When asked, former Projet Montreal councillor Craig Sauvé said it’s too early to set benchmarks, especially considering it’s a 10-year plan.
“Those are project-to-project to get developed,” he said.
Sauvé was still with the party when he spoke with CTV News Thursday morning.
The party platform says that on top of the right of first refusal for properties, it would use interest-free loans and other “financial tools” to put properties in nonprofits’ hands.
For building on major new sites, Projet Montreal said it would reserve $800 million, “drawing inspiration from the land trust model.”
In that model, a big community entity owns the land in the long term while selling or renting the units to families.

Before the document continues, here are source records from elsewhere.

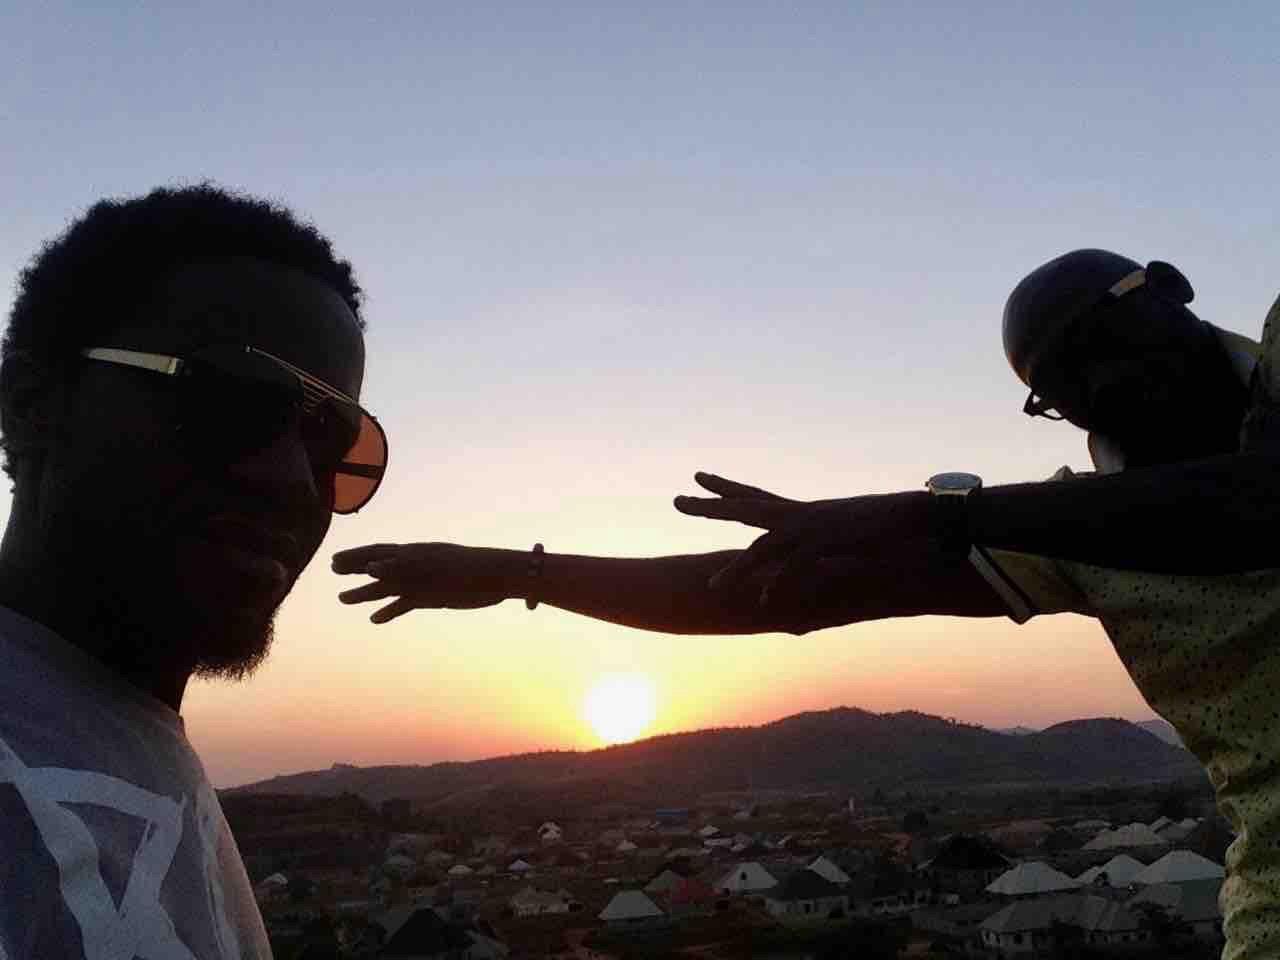 Sunset over Ushafa Village, FCT, Abuja, Nigeria. #JujuFilms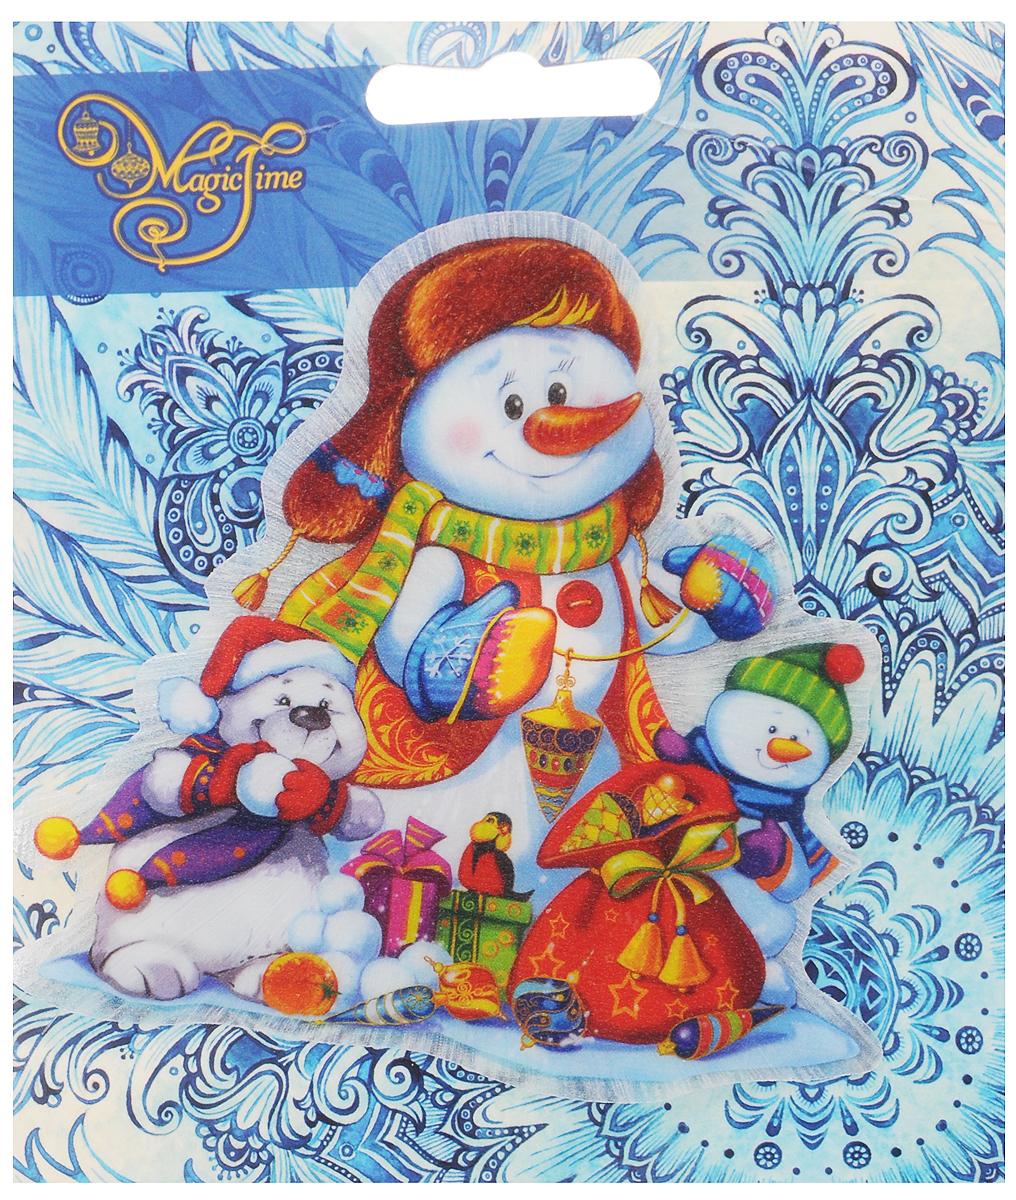 Украшение новогоднее Magic Time Снеговики, со светодиодной подсветкой, на присоске, 10,5 x 10 x 3 см42195Новогоднее украшение Magic Time Снеговики выполнено из поливинилхлорида. Украшение представляет собой пластиковую картину с изображением снеговиков с подарками. С помощью присоски украшение можно прикрепить на любое понравившееся вам место. Изделие оснащено светодиодной подсветкой.В комплект входит элемент питания LR44 (мощность 0,06 Вт, напряжение 3 В)Новогоднее украшение Magic Time Снеговики несет в себе волшебство и красоту праздника. Создайте в своем доме атмосферу веселья и радости, с помощью игрушек, которые будут из года в год накапливать теплоту воспоминаний.Размер украшения: 10,5 х 10 х 3 см.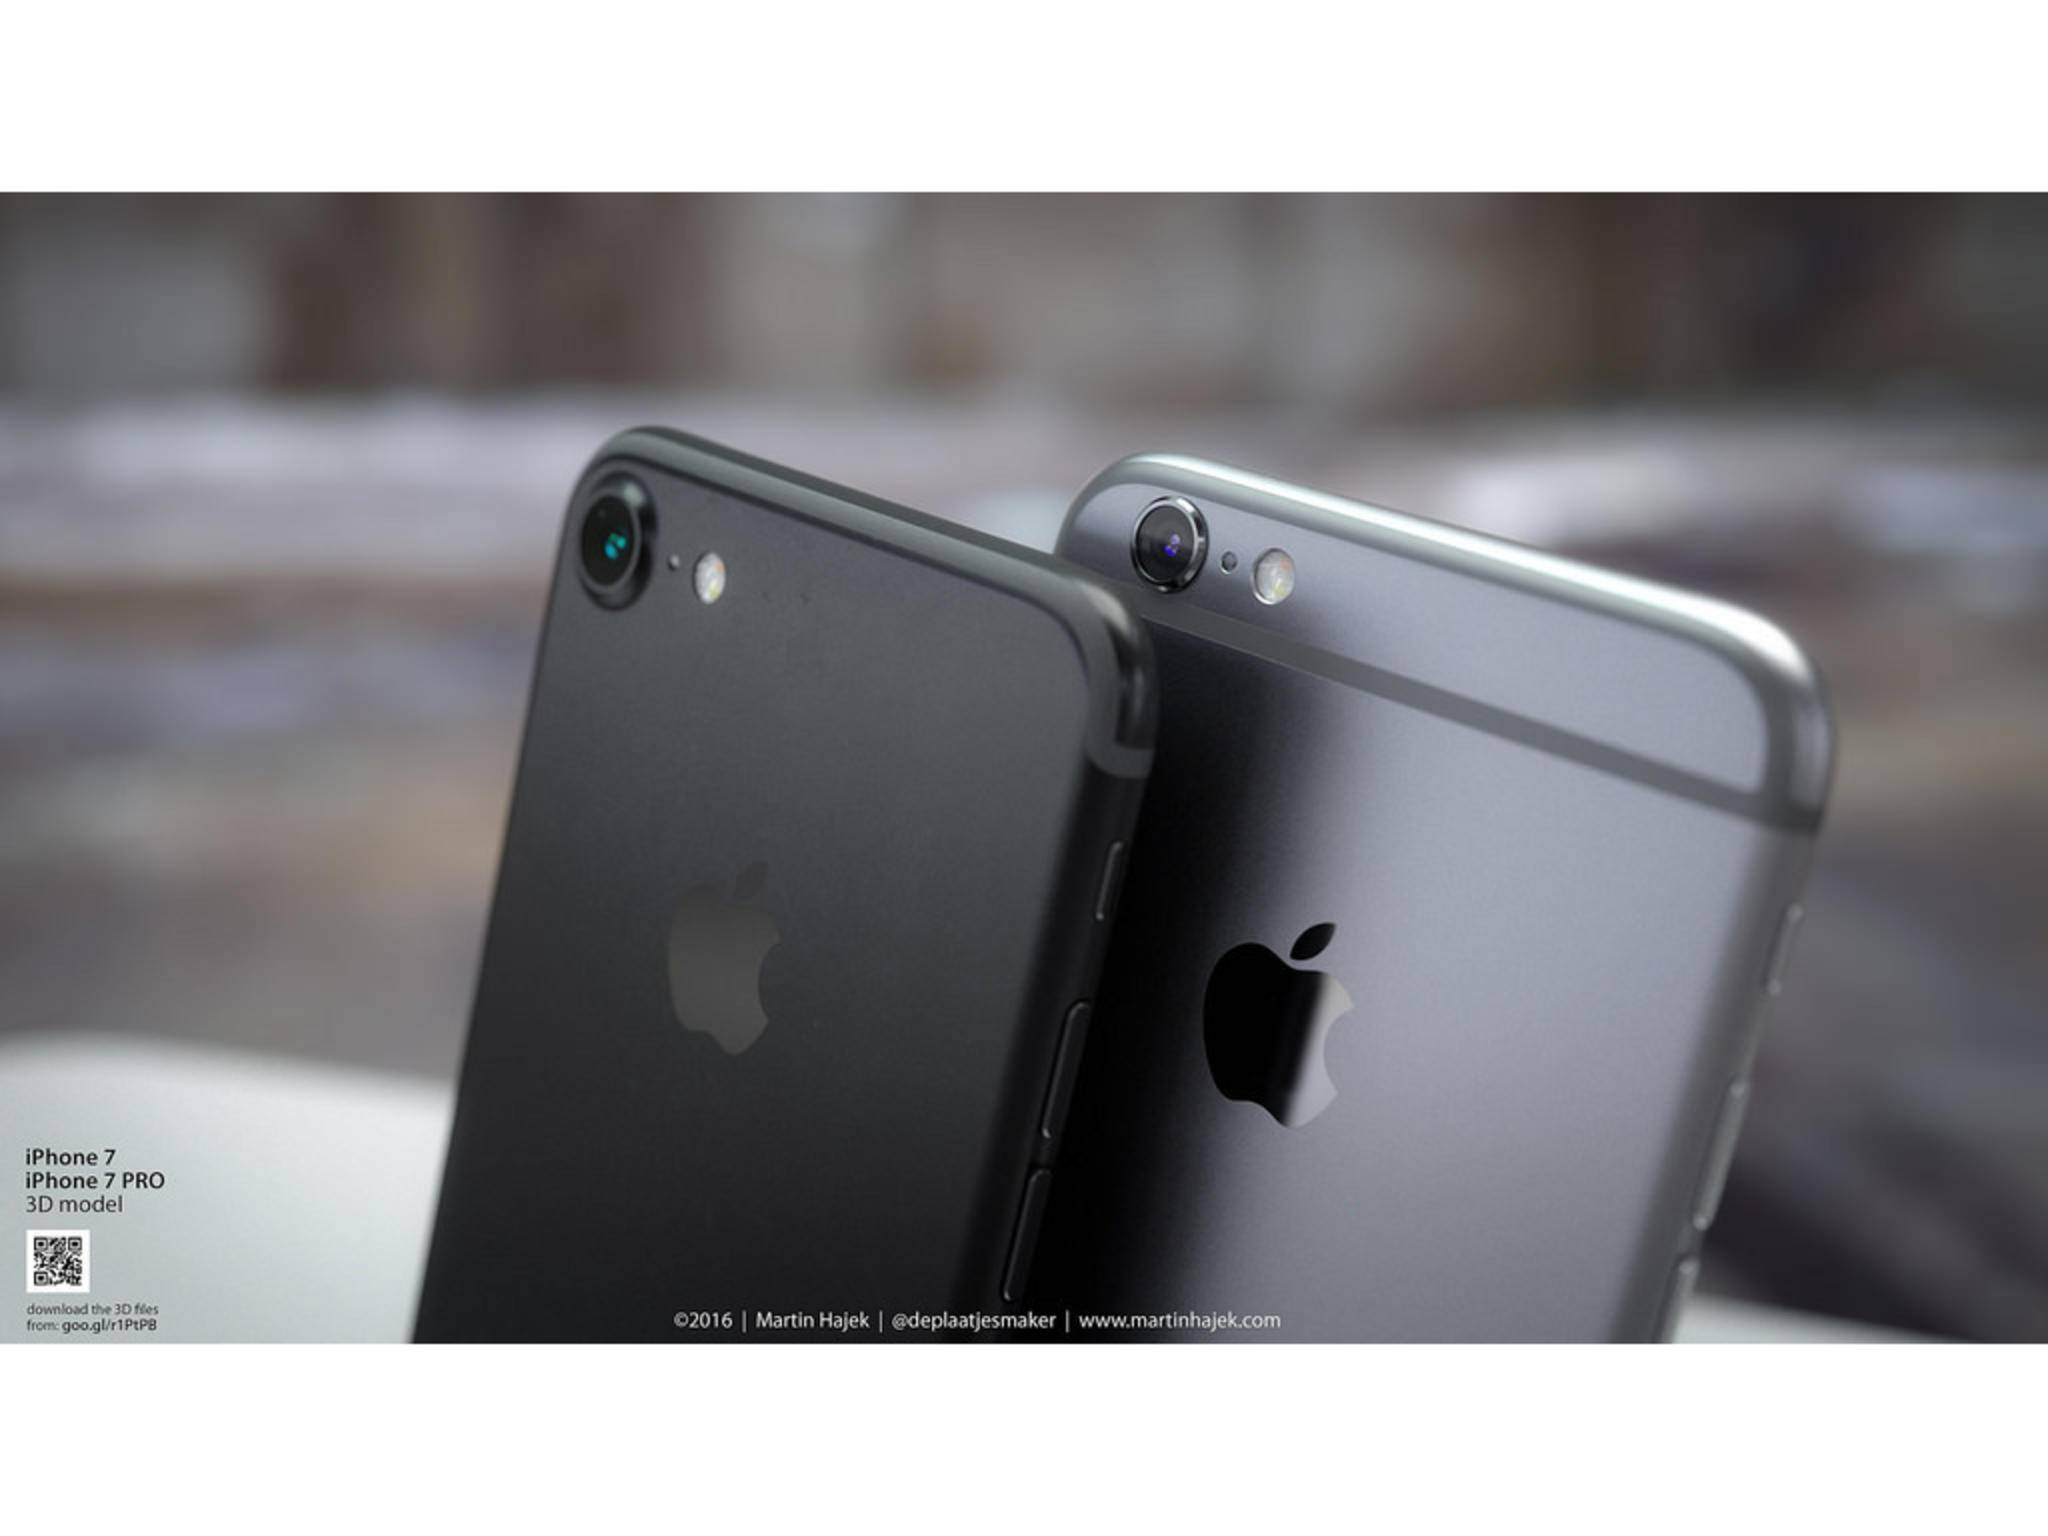 Das iPhone 7 wird angeblich in fünf verschiedenen Farben erhältlich sein.

Ensemble Montreal, meanwhile, says that “underutilized” land could be “leveraged” to build 15,000 new units, “including a minimum of 30 per cent social, student and family housing.”
They don’t make clear what would become of the other 70 per cent.
In the debate, things continued to get personal. Plante accused Coderre of running a candidate in Verdun who’s a professional house-flipper.
“Please, this is not serious,” she said.
Coderre said at least he wasn’t sending people to the suburbs because they weren’t allowed to renovate under 20-20-20.
In a more pensive tone, later, he said something that probably everyone can agree on: he knows people are frustrated with the housing crisis.
“The reality is that we talk a lot, but…people are cynical.”